А Жуков – это герой, сути которого народ не понял, не узнал! Герой, более всего прославляемый, но скомпрометировавший себя так, что хуже и не бывает. И не только тем, что людей людьми не считал, а лишь материалом для решения своих задач. Он и на большие подлости сгодился.

Не буду пока об этом. Заведусь ведь сразу. Потом только о том и стану думать, не остановлюсь. Знаю себя! А сердечко уже, нет-нет, да прокалывает характерной болью. Нельзя мне хоть в дороге заводиться.

Война, конечно, время тяжелейшее, время горестное, совершенно особое. Она и в людях нуждается особых, очень своеобразных. Война их сама и выбирает из толщи народа. И особенно тяжело ей приходится при подборе полководцев, по сути, повелителей миллионов судеб.

Те самые полководцы, возвышенные своим служебным положением над кровавой бойней, обязаны обладать особыми качествами, чтобы выполнять свои обязанности. В первую очередь, они должны понимать, что в их руках судьба родины и народа. Они должны быть находчивы, хитры, решительны, изобретательны, храбры. Они должны иметь стальные нервы. Не должны трястись от ответственности за свои ошибки и за свои поражения. Их не должно волновать мнение о них других людей, они должны идти напролом к поставленной цели, не глядя ни на что, и ни на кого!

Чрезвычайное самолюбие, тщеславие и высокомерие – это, к сожалению, тоже о них! Такой гадости в них – с избытком! Это их внутренний двигатель! Но должны иметь и стальную волю, непреклонный характер, несгибаемость и настойчивость. Они всегда злобны, грубы и хамоваты!

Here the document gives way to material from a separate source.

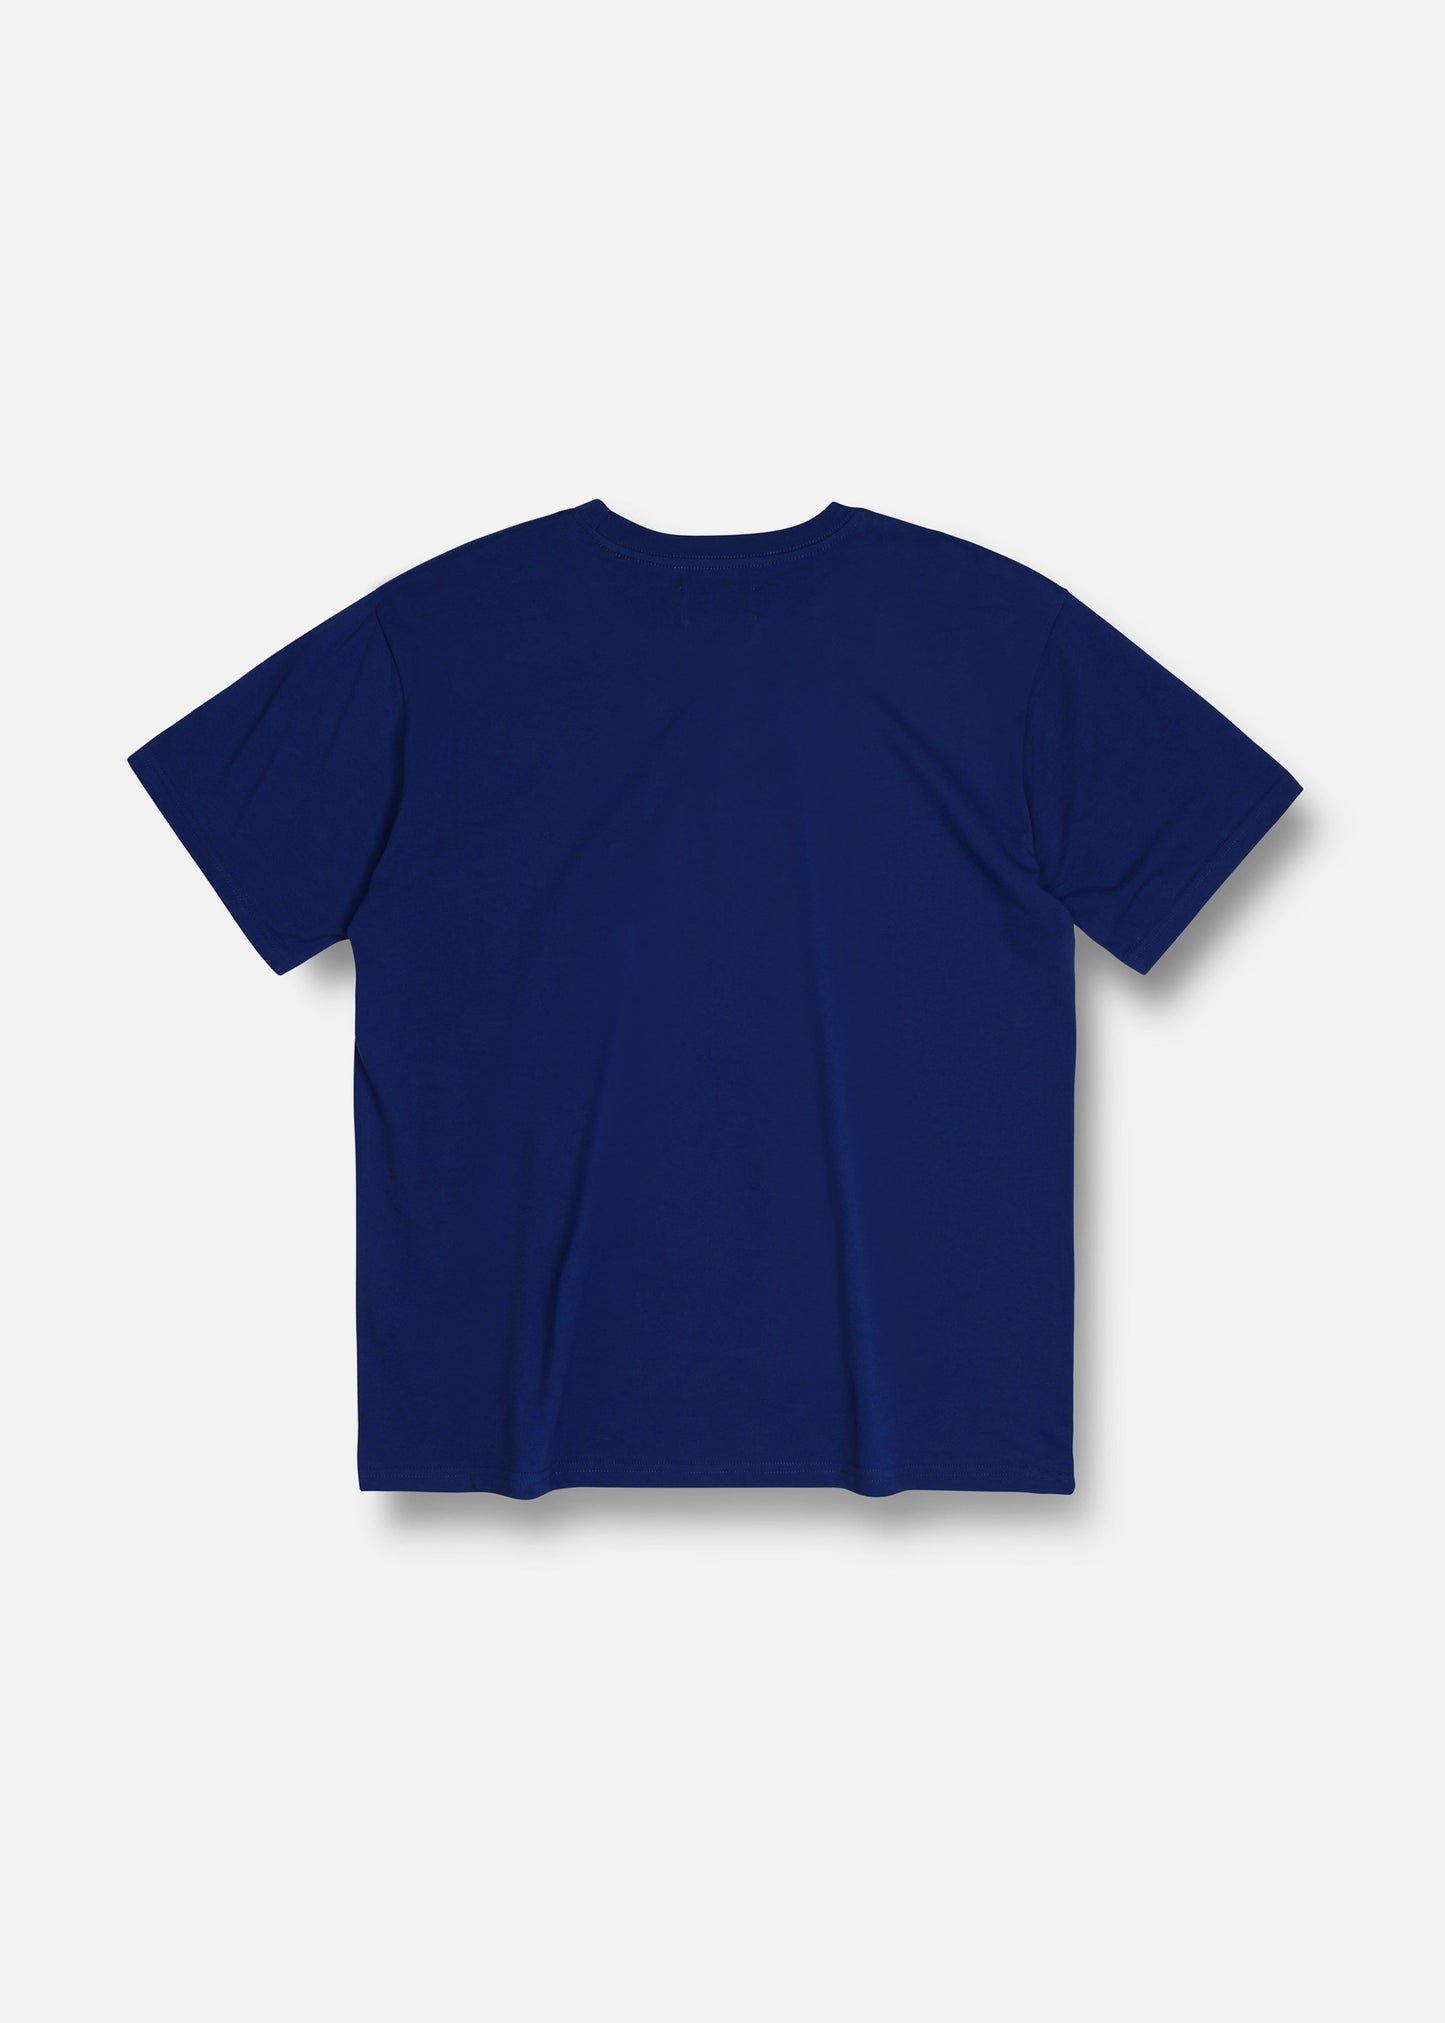 PROJECTS T-SHIRT : SPORTS BLUE
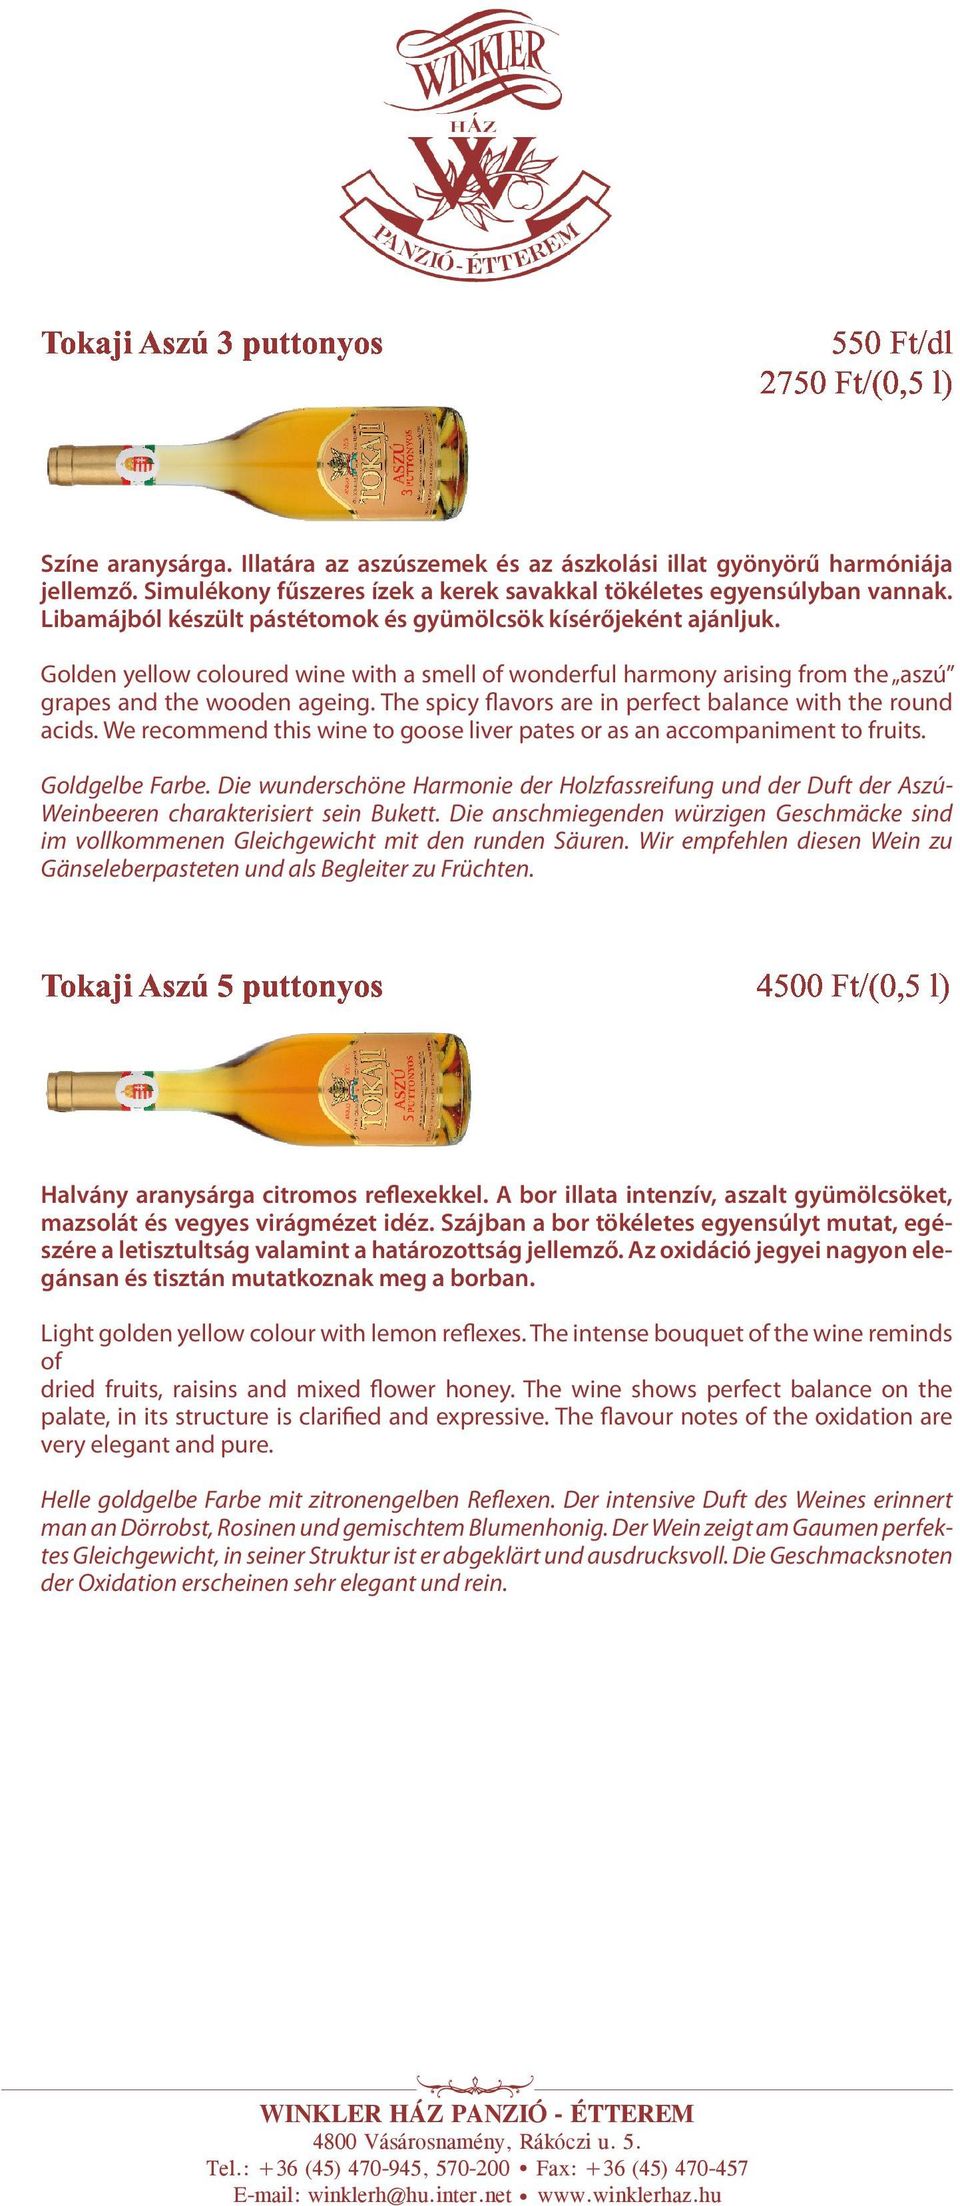 The spicy flavors are in perfect balance with the round acids. We recommend this wine to goose liver pates or as an accompaniment to fruits. Goldgelbe Farbe.

Вам за этим еще образ Жукова не видится? Он ведь таким и являлся, не так ли? Если так и думаете, то я с вами согласен.

Слышал я, слышал и такие слова. Мол, большие полководцы – люди особенные. Нам не чета! Они, как правило, очень грубы, резки, с завышенным самомнением и прочими чертами, которые позволяют их считать невоспитанными эгоистичными чудовищами. Это действительно так! Они такие! Но не обязательно же они – негодяи!

К тому же, если они вдруг сделаются ласковыми, добрыми и нежными, то ни за что не смогут быть настоящими полководцами! Другими они станут людьми. Уже неспособными к своему кровавому делу! Если они о каждом будут заботиться, да одеяльца на ночь поправлять, то не смогут с твёрдостью свои армии на смерть посылать. А без этого ни одна война не обходится!

Я и с этим, в общем-то, согласен. Но совесть-то терять нельзя! Совесть – это же основа человечности человека! Понимание того, что он не пуп Земли! Выветрится совесть, и останется лишь лютый ненасытный зверь, бессмысленно губящий себе подобных! Как и произошло с Жуковым! Это ещё, если совесть у него была. В чём я сомневаюсь!

Нельзя же предавать свой народ ради себя самого! Именно совесть и должна быть тормозом, если вдруг потянуло на подлость!

Верно говорят, что перечисленные качества, весьма специфические, способны превратить героя в злого гения, для которого живых людей вроде и не остаётся, а лишь одна, так называемая, живая сила! И такой человек будет легко жертвовать людьми! Всё зальёт кровью без раскаяния. Будет бросать народ на смерть, как шахматные фигурки, не переживая! Для него, великого, то будет всего-то игра! Разве не так было под Москвой? Никакого мастерства, никакого замысла – одно лишь просил Жуков для обороны Москвы. Дайте мне ещё хотя бы три армии! Их ему и дали – сибиряков!